Plan For ‘Graceful Degradation’ To Save Yourself Some Hassle When Stuff Breaks

Plan For ‘Graceful Degradation’ To Save Yourself Some Hassle When Stuff Breaks

Your plans are going to fail. It doesn’t matter how clever you are or how much you prepared, something is going to go wrong at some point. Your losses won’t be determined by how much you can prevent things from breaking, but rather by how you handle it when they do.

Photo by Antti T. Nissinen.

As author Seth Godin points out, everything breaks at some point. Rather than trying to prevent breaks from ever occurring, you should probably spend some effort on creating a failsafe so that the damage caused when it happens doesn’t ruin you. Godin uses the example of the air conditioner in your house:

Air conditioners, for example, gradually lose their charge. When they do, icing can occur. When that happens, the drain pans overflow and water seeps away.

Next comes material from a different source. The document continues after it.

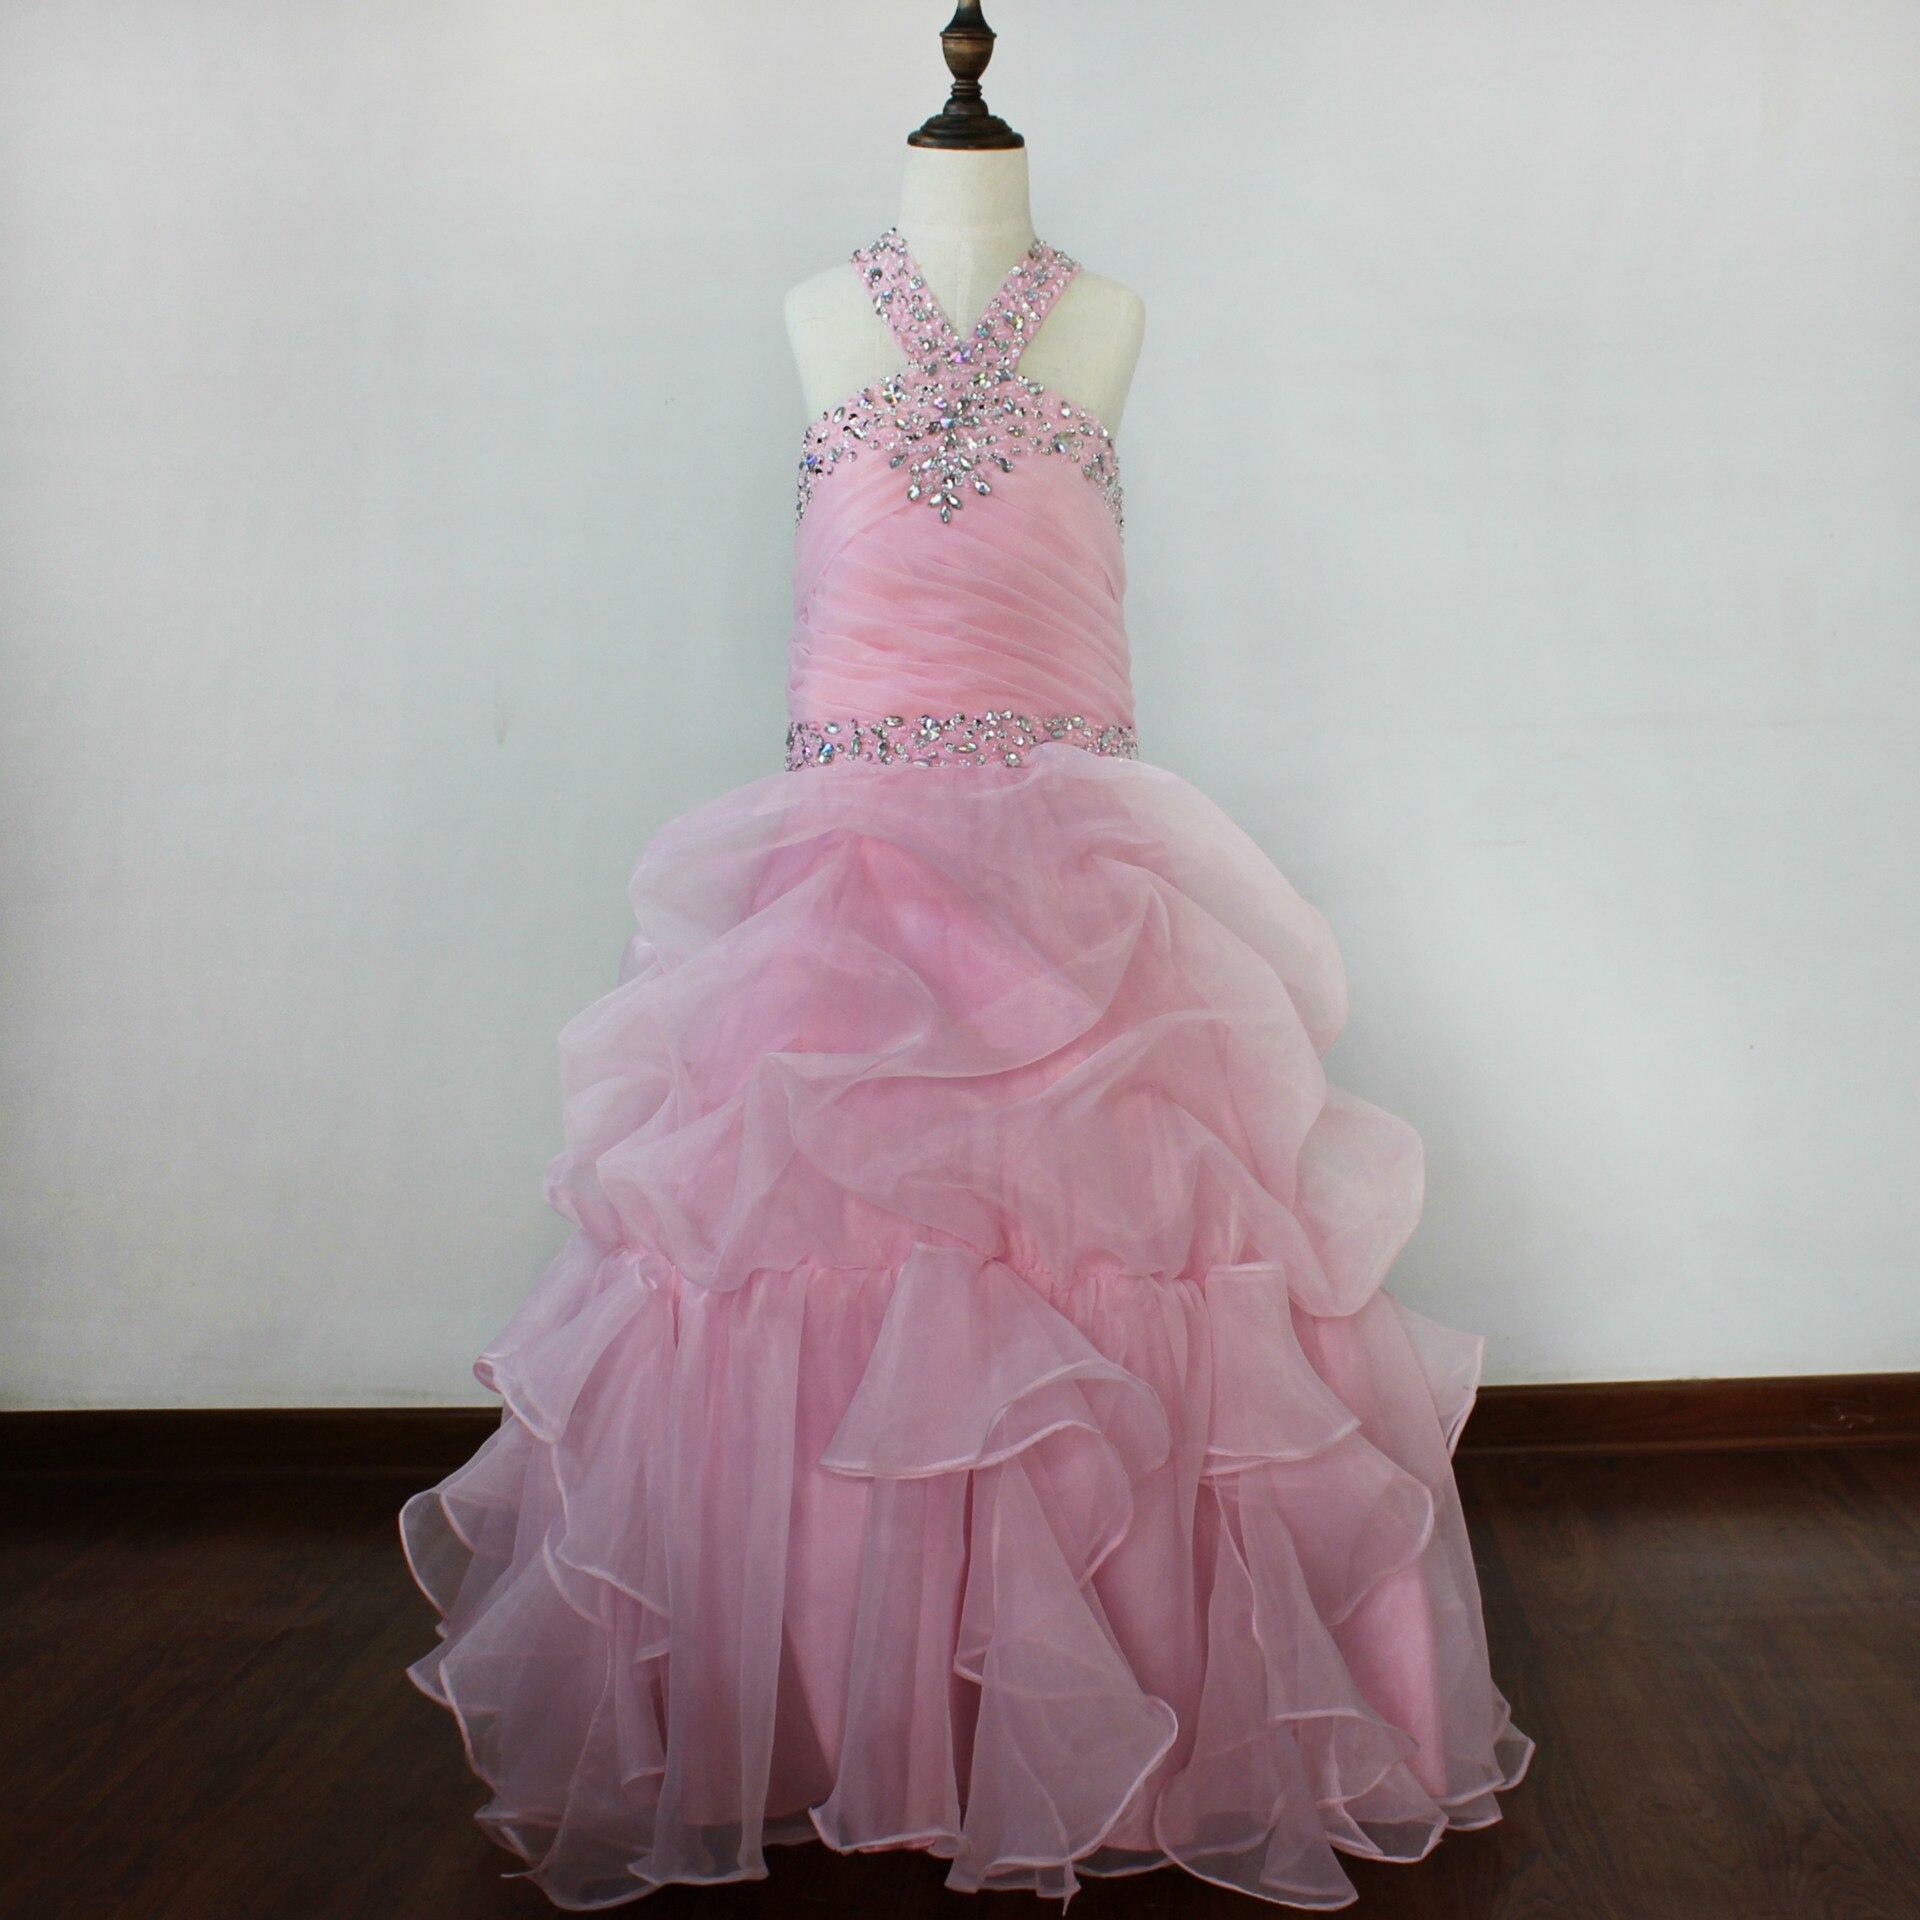 C025 European and American New Fashion children flower Dress wedding Party Princess Dress girl Ball gown Dress muqgew new fashion 2018 children party

The smart builder, then, anticipates all this and has the pan connected to some sort of drain, as opposed to having it rot the beams or collapse a ceiling.

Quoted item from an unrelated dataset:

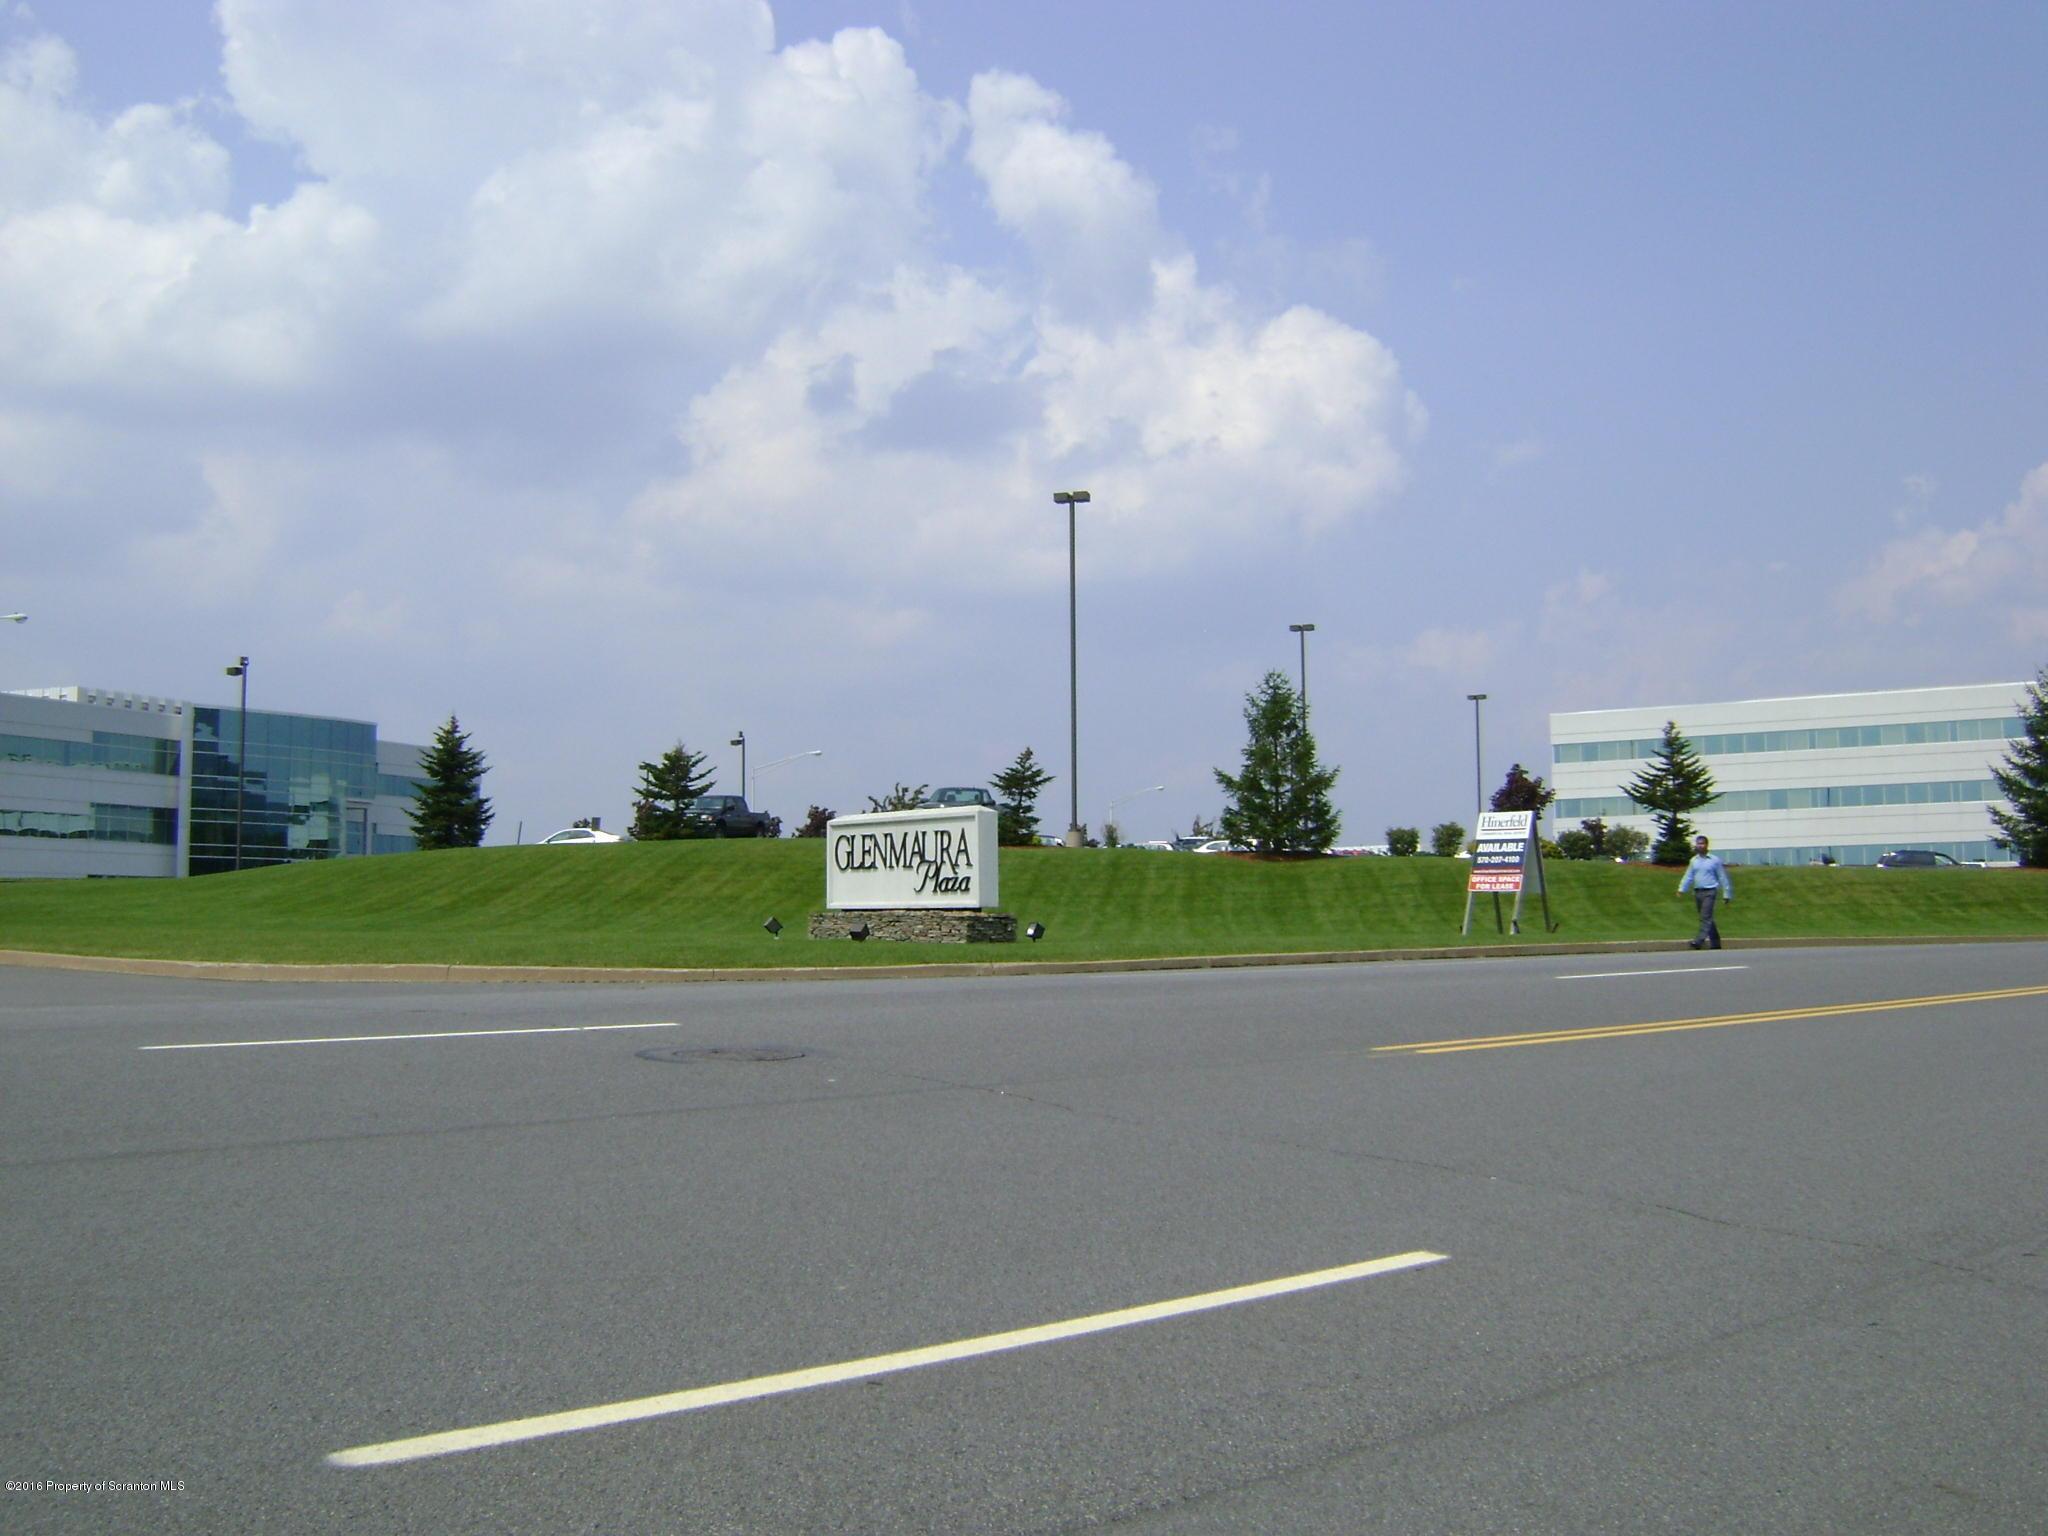 52 Glenmaura National Blvd, Moosic, Pennsylvania 18507, ,6 BathroomsBathrooms,Commercial,For Lease,Glenmaura National,21-1539

You can apply this same principle to anything. You may have a strong career now, but without a backup plan, you could find yourself jobless in a down economy. You may be making payments on your debt now, but if a sudden expense hits you, your whole budget could be thrown out of whack. Whatever your situation, planning for failures to occur and giving yourself a graceful way to handle the degradation can make all the difference.